The PBAC noted the additional data of three-year mortality rates for all paroxysmal
nocturnal haemoglobinuria patients from de Latour (2008) provided by the sponsor in
support of the request to list eculizumab on the Life Saving Drugs Progam for the
treatment of PNH. As requested by the PBAC, the data was categorised into three groups
according to year of PNH diagnosis – diagnosis in 1985 or before, between 1986 and
1995 and between 1996 and 2005. The PBAC noted that the survival rates for this three-year
period of follow-up appeared consistent across the three groups based on year of diagnosis,
however that no further disaggregation of these data had been provided for the type
of PNH (classic, intermediate and aplastic anaemia PNH). The sponsor had also confirmed
that the data from the de Latour study were not confounded to any material extent
by use of eculizumab during the follow-up period.
The PBAC considered that the additional evidence, including that presented by the
sponsor and unpublished data, acceptably supported the prediction that a patient’s
lifespan with classic PNH would be substantially extended as a direct consequence
of treatment with eculizumab compared to best supportive care and hence concluded
that criterion four of the LSDP was now met.
The PBAC considered that the history component of the proposed treatment funding algorithm
should be limited to include only patients with a history of either thrombosis or
transfusion of four or more units in the most recent 12 months.
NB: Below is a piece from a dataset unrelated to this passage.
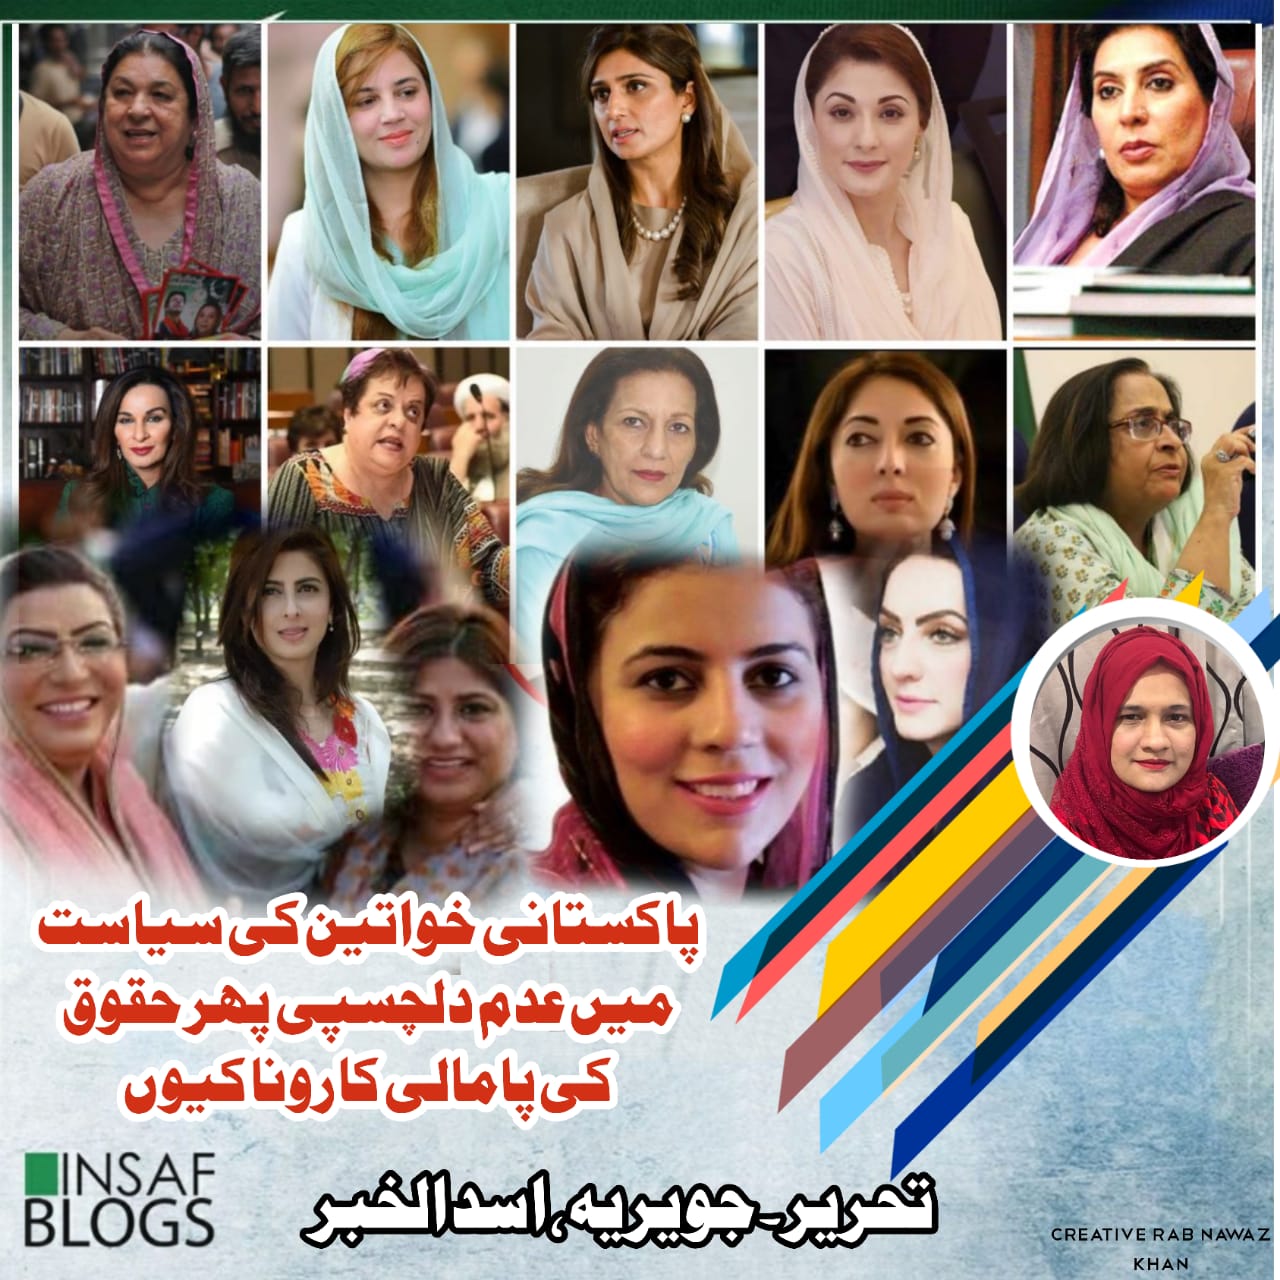 Pakistani Women's Interest In Politics - Insaf Blog
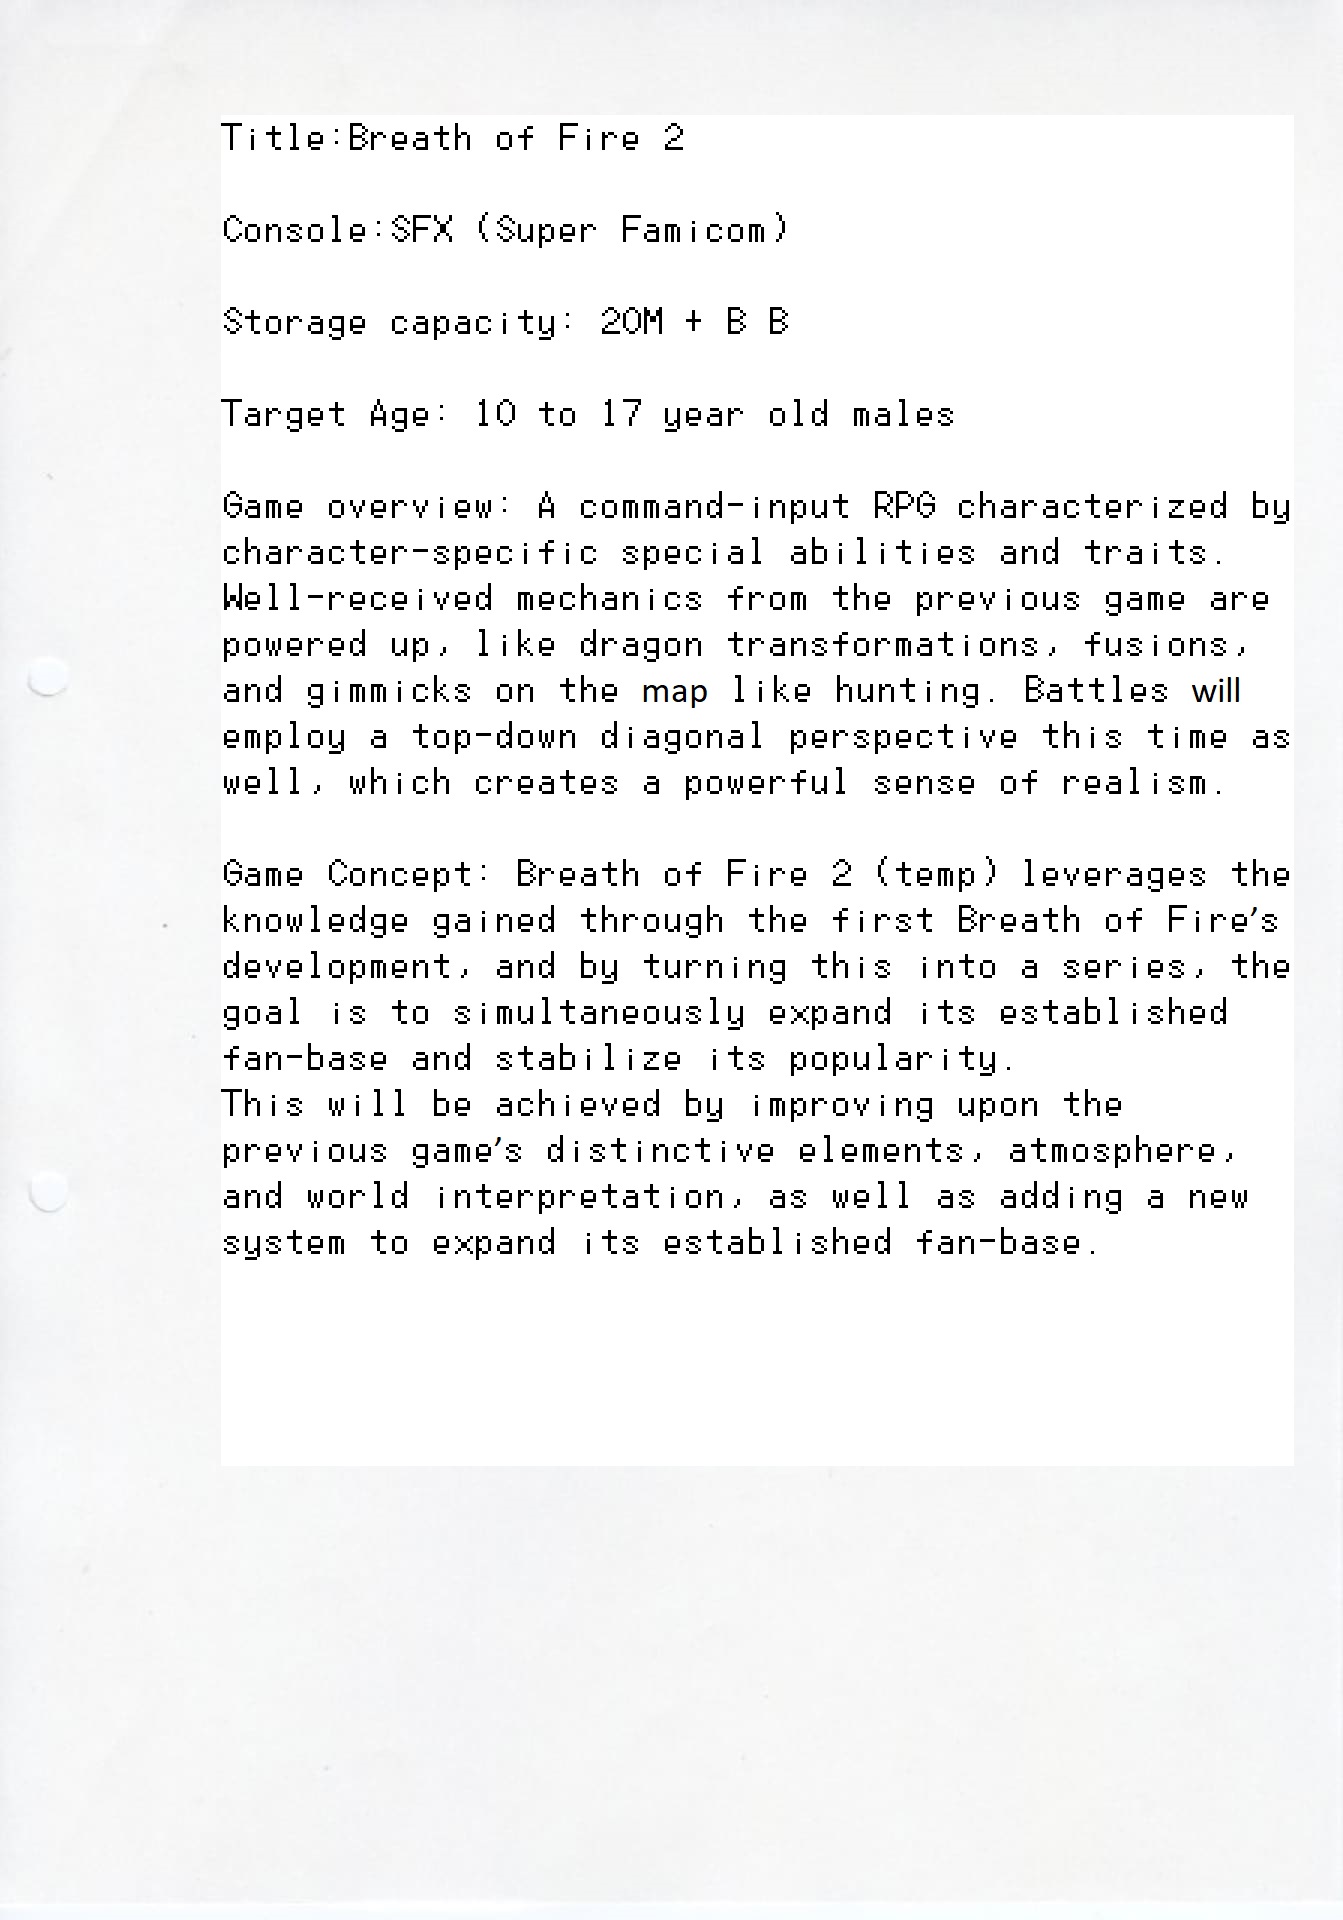 Breath of Fire 2 Design Doc Page 2 / English

However, further advice
should be sought from the clinical advisory committee on the remaining five proposed
alternative history criteria to be justified on the basis of unambiguously identifying
patients likely to benefit most from treatment with eculizumab. For example, the PBAC
considered that inclusion of fatigue as an alternative in these criteria may not be
appropriate, as it is likely that the majority of patients with any form of PNH could
qualify under this criterion, rather than those patients with PNH who would be most
likely to gain an extension in their lifespan from treatment with eculizumab. A comparison
of corresponding funding algorithms and their rationales from other similar jurisdictions
overseas may also be informative in this regard.
The PBAC considered that patients funded under the LSDP, including those to be grandfathered,
should be required to meet the more limited qualification criteria for treatment as
modified by the PBAC from those specified by the clinical advisory committee. The
PBAC considered that PNH patients currently receiving treatment through compassionate
access schemes should continue to receive treatment through compassionate access should
they not meet the LSDP qualification criteria
12. Context for Decision
The PBAC helps decide whether and, if so, how medicines should be
subsidised in Australia. It considers submissions in this context.
A PBAC decision not to recommend listing or not to recommend
changing a listing does not represent a final PBAC view about the
merits of the medicine. A company can resubmit to the PBAC or seek
independent review of the PBAC decision.
13. Sponsor’s Comment
Alexion welcomes the PBAC’s recommendation that Soliris now meets the revised criteria, (effective May 10th 2010), for consideration of funding via the LSDP by Government. We look forward to working with the Department of Health and Ageing and Government to ensure an expedited review of possible funding arrangements and to ensure urgent funded access to Soliris therapy for PNH patients who will most benefit will be achieved expeditiously.